As Ted Lasso, Jason Sudeikis is believable as the world's nicest guy, a fella for whom a handshake and a smile is currency.

But playing a bank robber trying to get his life back on track against a mountingly unbelievable set of circumstances, not so much. Which makes "South of Heaven" decidedly south of good.

Sudeikis stars as Jimmy Ray, a Texas man leaving prison after doing hard time on a bank robbing bid. His girlfriend Annie (Evangeline Lilly) is dying of lung cancer and only has a year to live, and it's Jimmy's intent to give her the best year of her life, making up for the lost time he was behind bars and she was on the outside, waiting.

Which would make for a shmaltzy but acceptable Hallmark movie, and there's a place for that. But co-writer and director Aharon Keshales has other things in mind, not that any of those things are telegraphed before they arrive on screen. They just kind of barge in the door — OK, now we're watching an intense drama, now it's a kidnapping thriller, er, a double kidnapping thriller, and sort of a comedy?
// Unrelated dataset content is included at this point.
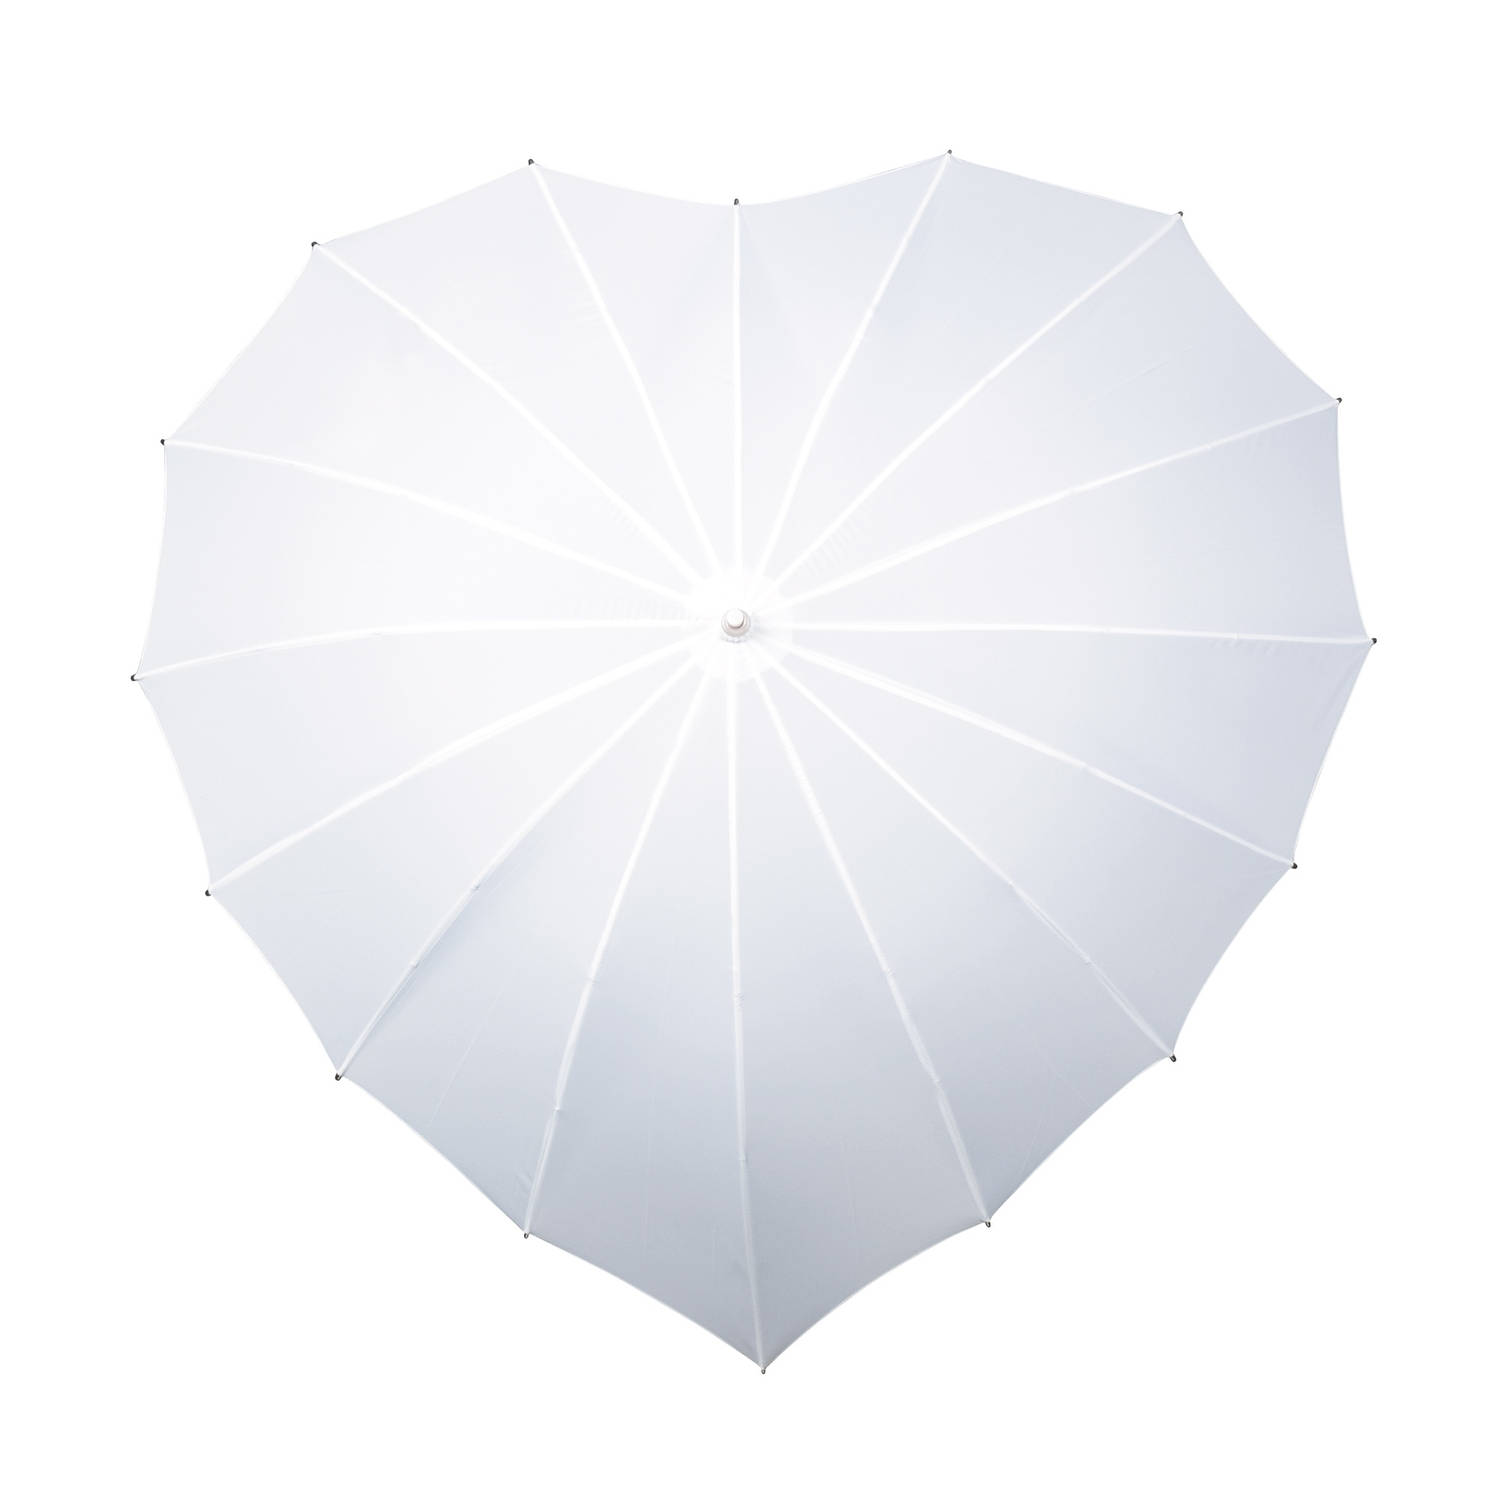 Componeren Persona Antipoison Impliva paraplu hartvormig handopening 110 cm wit | Blokker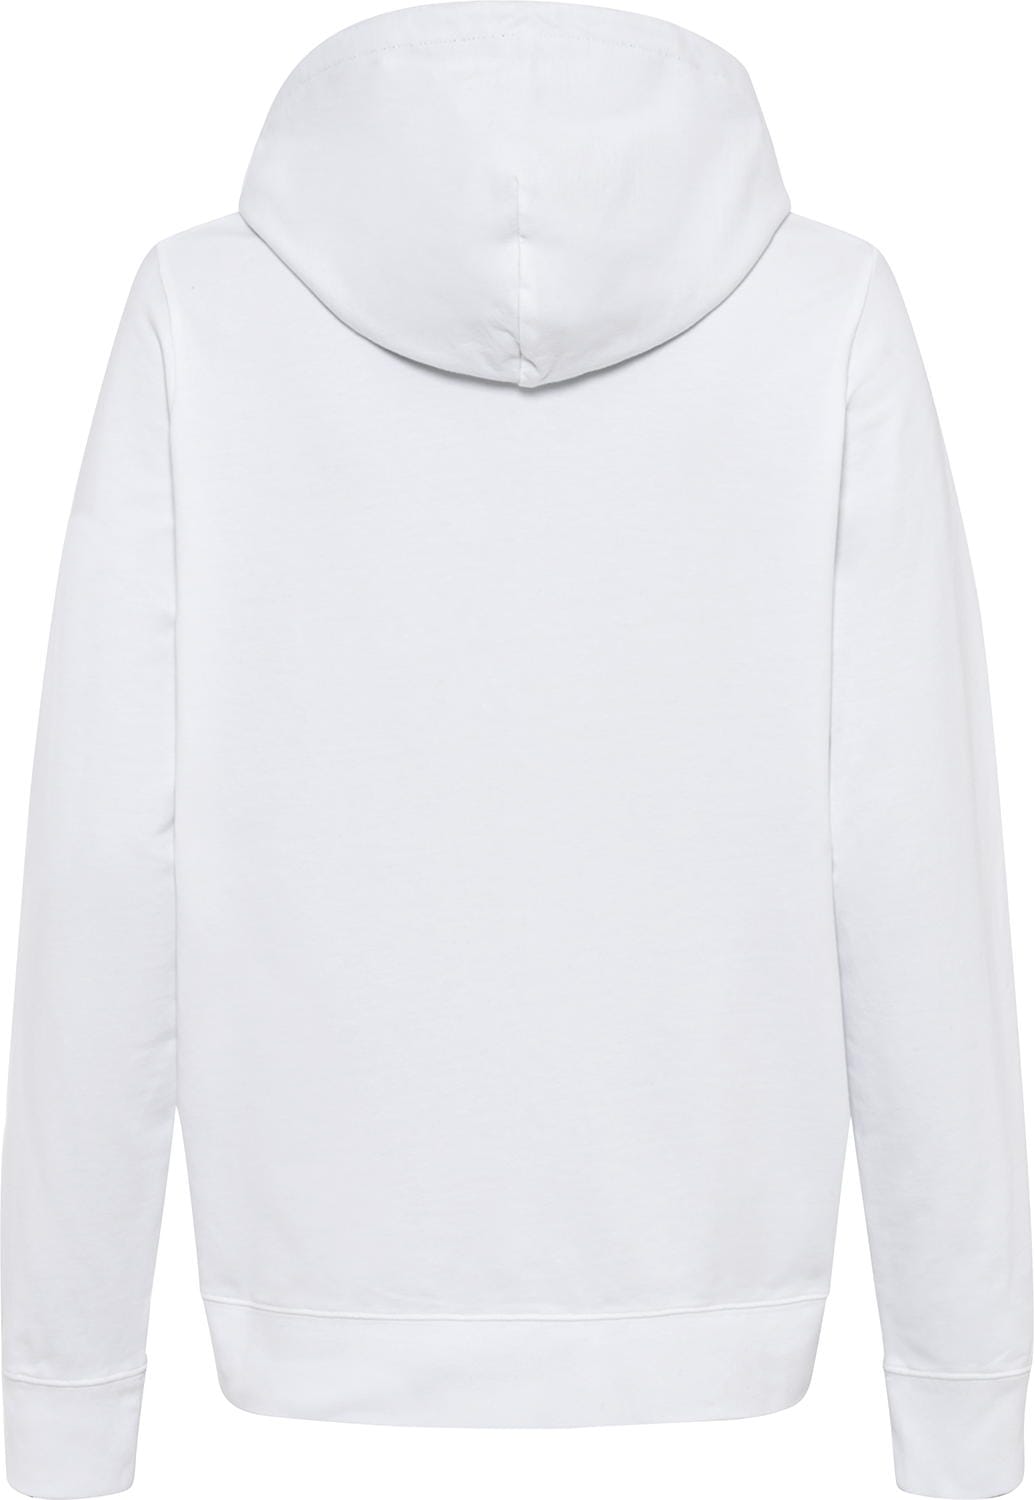 Golfino Soft Hoodie Sweater, white

Oh wait, now it's a shoot-em-up! — like cops breaking up a high school kegger.

The great Shea Whigham plays Jimmy's corrupt parole officer, Schmidt, who harasses Jimmy into a criminal scheme using the power he wields over him. There's palpable tension between Jimmy and Schmidt but Keshales (who also co-wrote the screenplay) tosses it aside and moves on to the story of a crime boss (Mike Colter) and his precocious son, whom Jimmy is entangled with in what seems like a sideplot on an episode of "Brooklyn Nine-Nine." And that would be better than the bullet-riddled climax that has Sudeikis doing an entirely unconvincing John Wick impression.

And that's not even mentioning the haphazard car accident that puts Jimmy in the body disposal business. "South of Heaven" is a directionless misfire that is so all over the place it doesn't know which way is down. Take it for what it is: lost.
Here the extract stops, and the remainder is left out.